What problem does GRAIL solve?
Whole-body manipulation on a humanoid is not just arm control. A Unitree G1 has to walk into a useful pose, adjust its center of mass, coordinate torso and hands, maintain balance, make contact with an object, and recover to a stable posture. Collecting this data with teleoperation or motion capture is possible, but it is expensive to scale. Every new object, height, terrain shape, chair, stair, and manipulation style requires another round of physical setup and human operation.

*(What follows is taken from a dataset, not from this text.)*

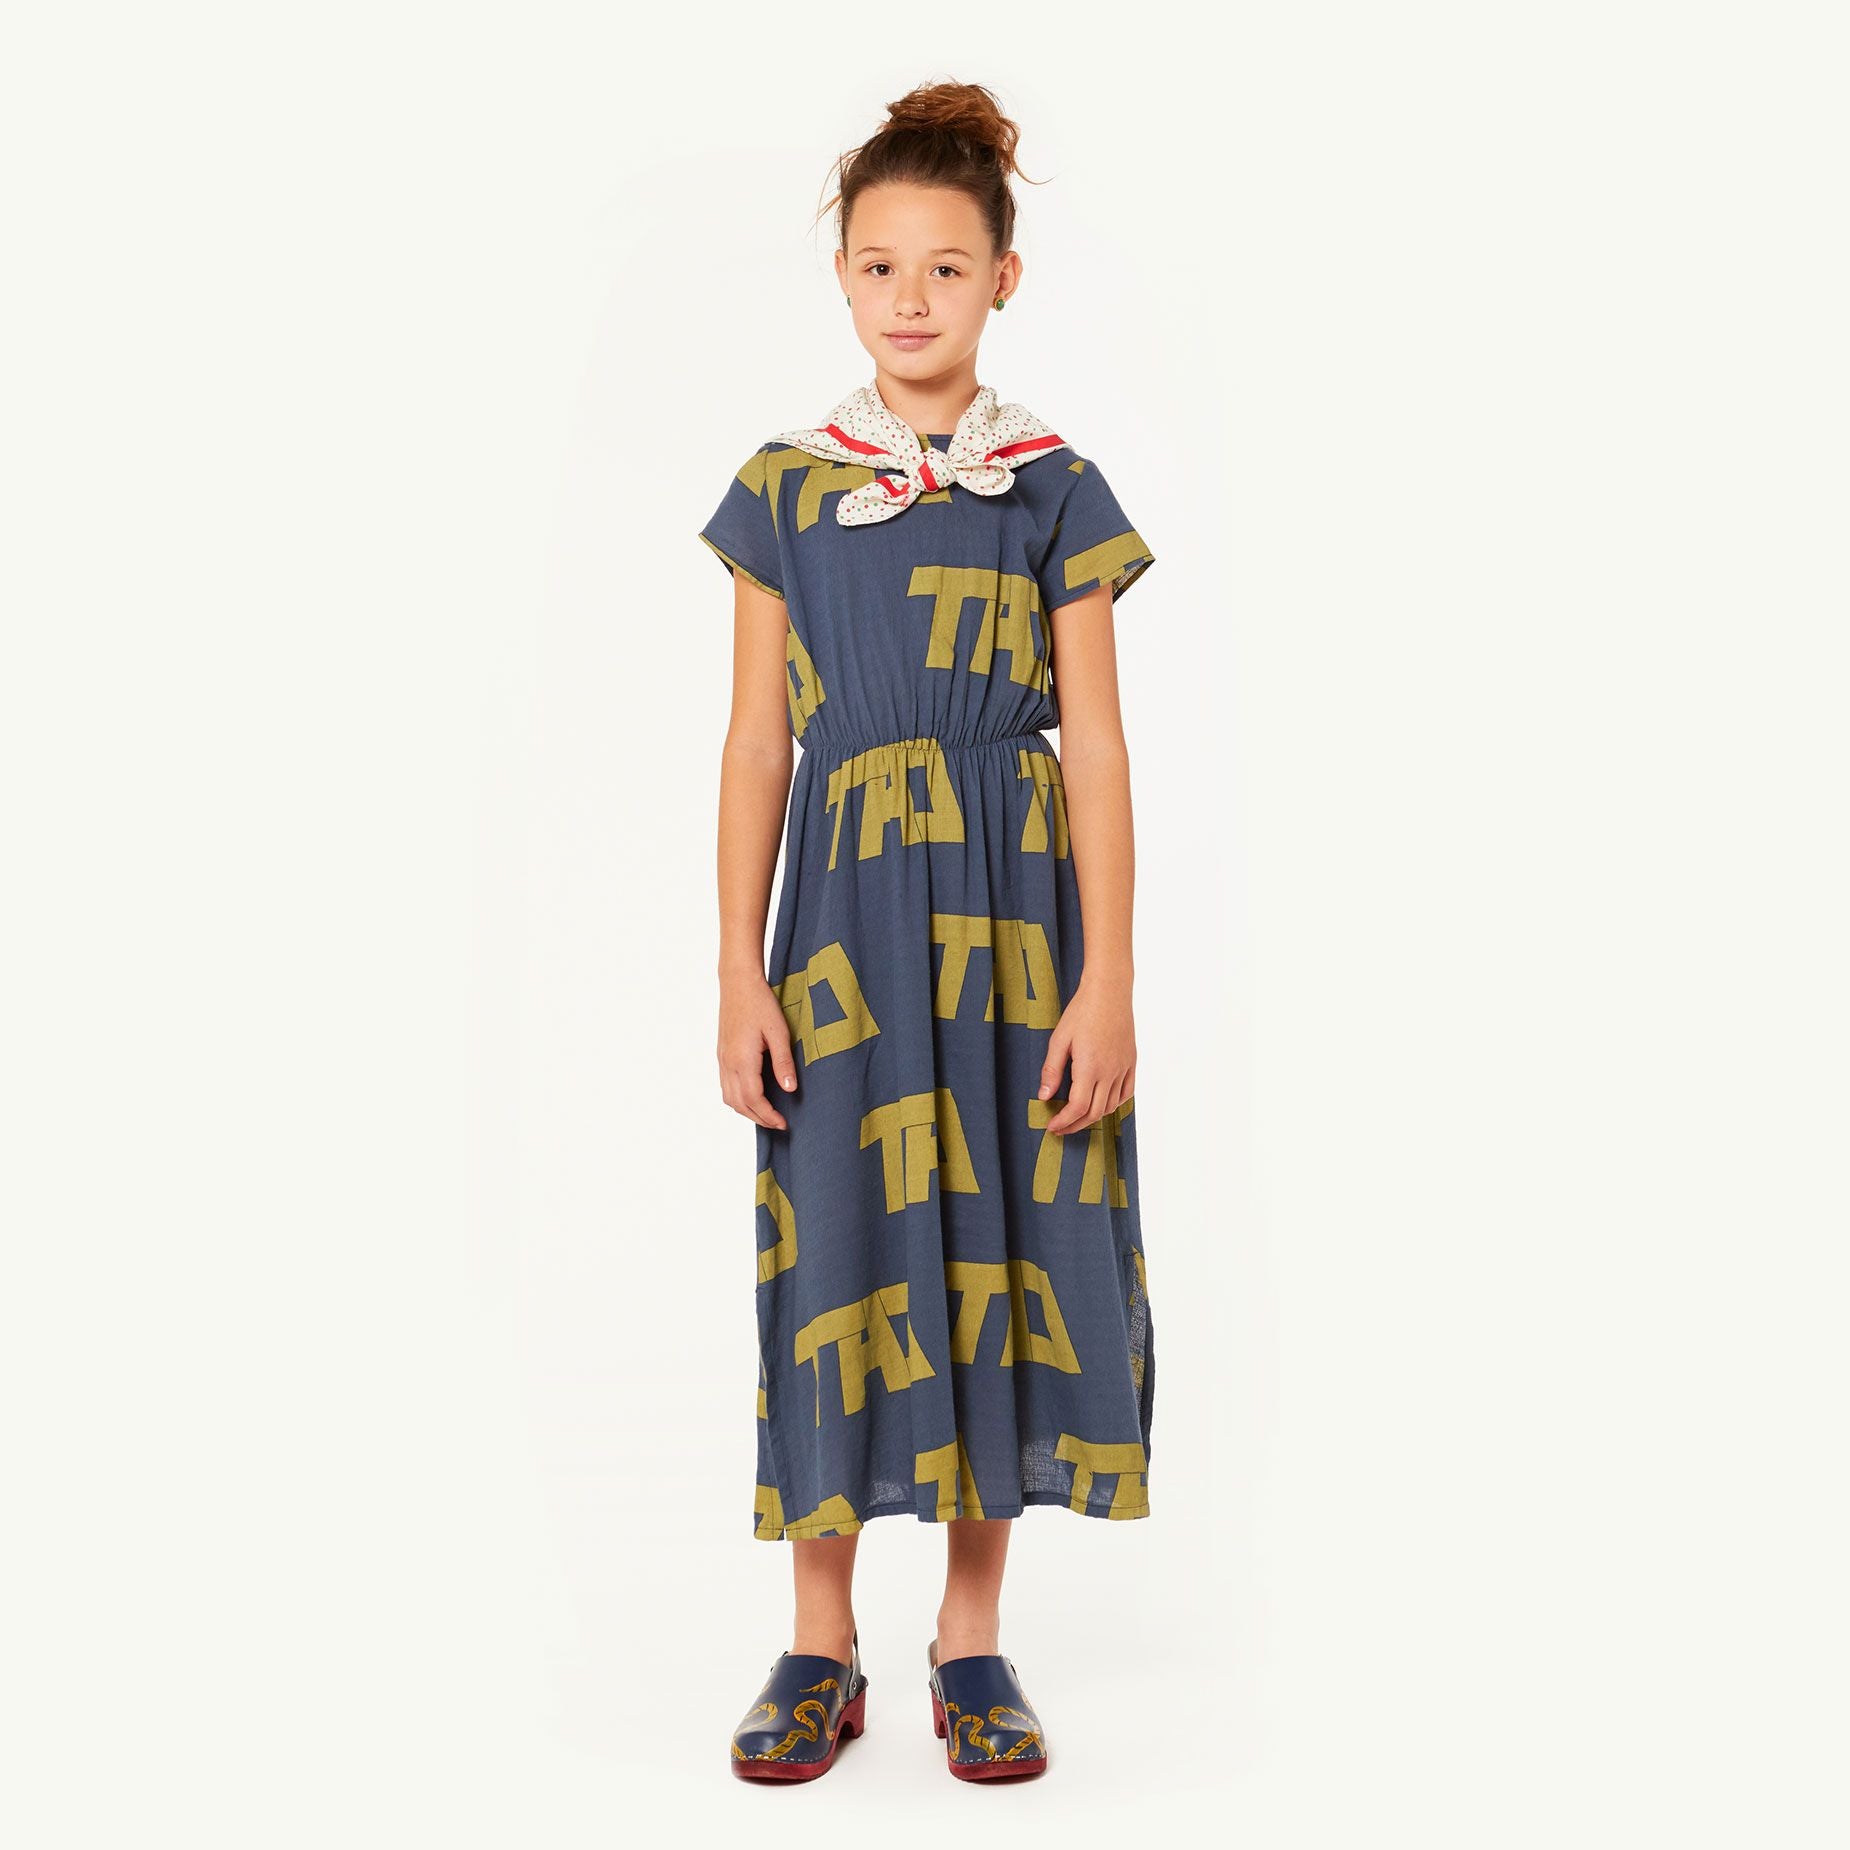 MARTEN KIDS DRESS, BLUE TAO - Cemarose Children's Fashion Boutique

GRAIL, short for Generating Humanoid Loco-Manipulation from 3D Assets and Video Priors, proposes a more scalable route: keep data generation fully digital until deployment. The original paper is available as arXiv:2606.05160, the project page is hosted by NVIDIA Research, the code is in NVlabs/GRAIL, and the released dataset is on Hugging Face.
The key idea is subtle but important. GRAIL does not start from random internet videos and try to guess all geometry afterward. It starts from a fully specified 3D configuration: object mesh, camera intrinsics and extrinsics, metric scale, environment depth, and a SMPL-X character pre-fitted to Unitree G1-like proportions. Then it uses a video foundation model to synthesize a human-object interaction video, reconstructs metric 4D human-object trajectories, retargets them to the G1, trains tracking policies in simulation, and distills them into egocentric visual policies.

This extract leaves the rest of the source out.